Abstract

Abstract Background Groin pain in adults is a common complaint in surgical practice, often related to an inguinal hernia (IH). An IH is occult when it is detected on ultrasound, but the patient does not manifest any clinical signs. Current international guidelines lack specific recommendations for managing occult IH accompanied by groin pain, potentially leading to unnecessary surgical interventions and inadequate patient counselling. This multicentre randomized controlled trial aimed to determine whether watchful waiting (WW) is non-inferior to totally extraperitoneal (TEP) repair in terms of pain for this condition. Method The primary outcome was the difference in pain scores between baseline and 3 months of follow-up, measured at rest and during exercise, in patients with groin pain and occult IH. Total follow-up was 12 months. Secondary outcomes included quality of life, patient satisfaction and cross over. Results Ninety-nine patients were randomized, of which 14 participants had withdrawn before treatment. A total of 85 patients (TEP repair n = 36, WW n = 49) were included in an as-treated analysis. At three months of follow-up, the difference in pain scores at rest (p = 0.691) and during exercise (p = 0.139) were comparable between both groups.
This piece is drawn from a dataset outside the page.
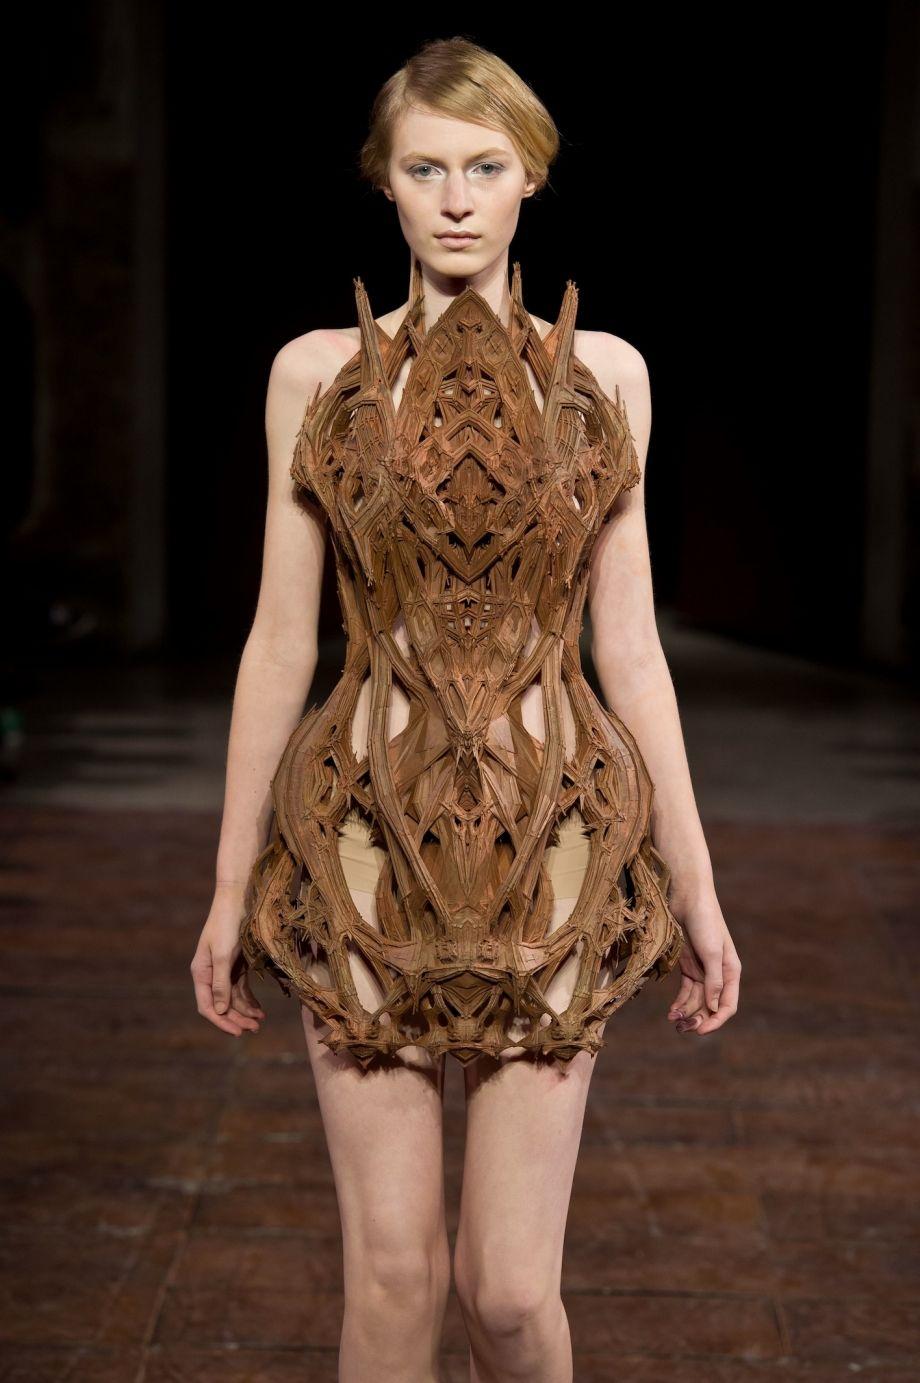 Iris van herpen micro dress images

Equivalence tests were significant for the primary outcome (p < 0.001), which indicated similarity. After three months, six patients (12%) crossed over from the conservative to the operative arm. Other outcome parameters were not significantly different. Conclusion The EFFECT-trial suggests that WW is non-inferior to TEP repair regarding pain 3 months after the start of treatment in patients with groin pain and occult IH.